Skip to main content
POST
/
v3
/
minimax-voice-cloning
MiniMax Audio Quick Cloning
curl --request POST \
  --url https://api.highwayapi.ai/v3/minimax-voice-cloning \
  --header 'Authorization: <authorization>' \
  --header 'Content-Type: <content-type>' \
  --data '
{
  "audio_url": "<string>",
  "text": "<string>",
  "model": "<string>",
  "accuracy": 123,
  "need_noise_reduction": true,
  "need_volume_normalization": true
}
'
{
  "demo_audio_url": "<string>",
  "voice_id": "<string>"
}
This API supports cloning voices from mono or stereo audio, enabling quick replication of speech with the same timbre based on a specified audio file. The quickly cloned voice produced by this API is a temporary voice. If you wish to permanently retain a cloned voice, please use this voice in any T2A speech synthesis API within 168 hours (7 days) (excluding the trial-listening behavior within this API); otherwise, the voice will be deleted. Applicable scenarios for this API: IP replication, voice cloning, and other scenarios that require quickly replicating a specific voice. Notes:
  • The uploaded audio file format must be: mp3, m4a, or wav;
  • The uploaded audio file must be at least 10 seconds long and no longer than 5 minutes;
  • The uploaded audio file size must not exceed 20mb.

Request Headers

Content-Type
string
required
Enum value: application/json
Authorization
string
required
Bearer authentication format: Bearer {{API Key}}.

Request Body

audio_url
string
required
The audio file url for the voice to be cloned.
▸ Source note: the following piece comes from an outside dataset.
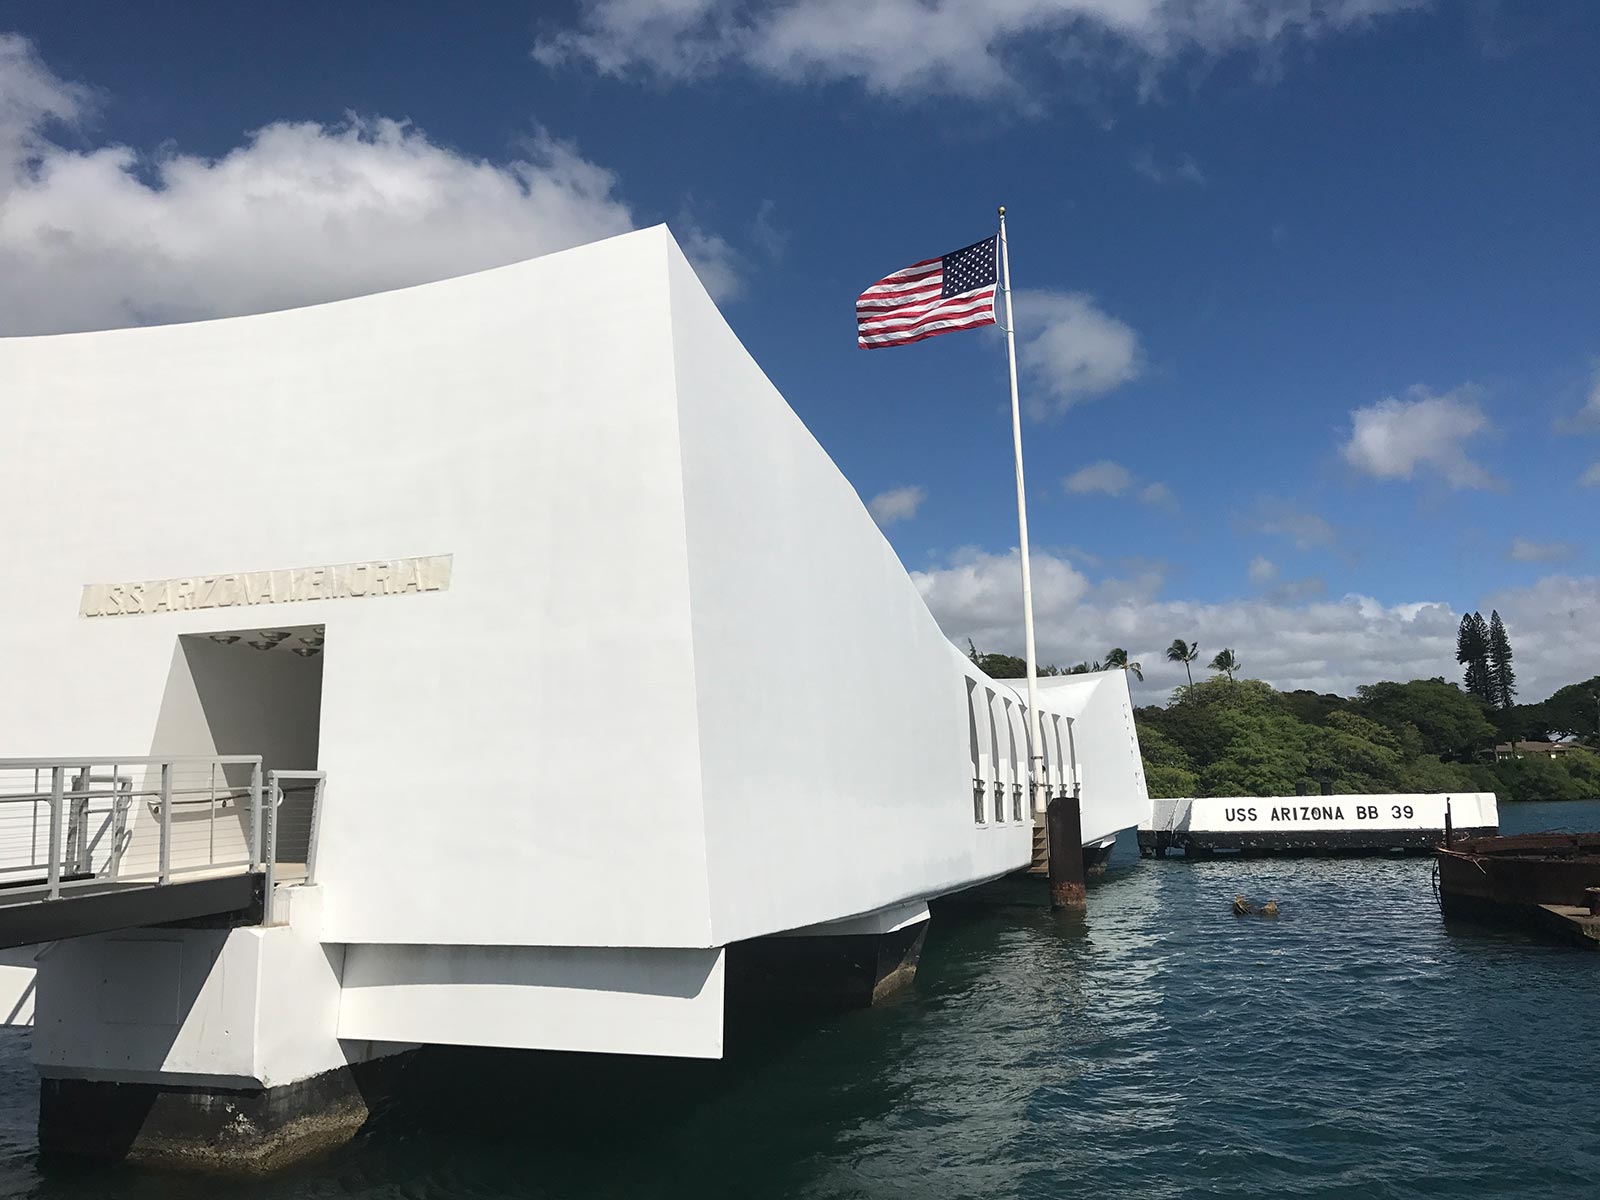 USS Arizona war memorial in Pearl Harbor, Hawaii. Pearl Harbour, Hawaii

Supports mp3, m4a, and wav formats.
clone_prompt
Voice cloning parameters. Providing this parameter helps improve the timbre similarity and stability of speech synthesis.If this parameter is used, you must also upload a short sample audio clip (less than 8s) and the corresponding text for the audio. The audio supports mp3, m4a, and wav formats.
text
string
Cloning trial-listening parameter. The model will read this text using the cloned voice and return the synthesized audio result as a link for previewing the cloning effect. Limited to 2000 characters. Note: trial listening will be charged for speech synthesis based on the number of characters, with pricing consistent with the T2A APIs.
model
string
Cloning trial-listening parameter. Specifies the speech model used for trial listening. This field is required when the “text” field is provided.
Options: speech-02-hd, speech-02-turbo, speech-2.5-hd-preview, speech-2.5-turbo-preview, speech-2.8-hd, speech-2.8-turbo
accuracy
float
Audio cloning parameter. Value range: [0,1]. Providing this field sets the text verification accuracy threshold. If not provided, the default value is 0.7.
need_noise_reduction
bool
Audio cloning parameter. Whether to enable noise reduction. Defaults to false if not provided.
need_volume_normalization
bool
Audio cloning parameter. Whether to enable volume normalization. Defaults to false if not provided.

Response Information

demo_audio_url
string
If the request body includes the trial-listening text text and the trial-listening model model, this parameter returns the trial-listening audio as a link.
voice_id
string
The generated voice_id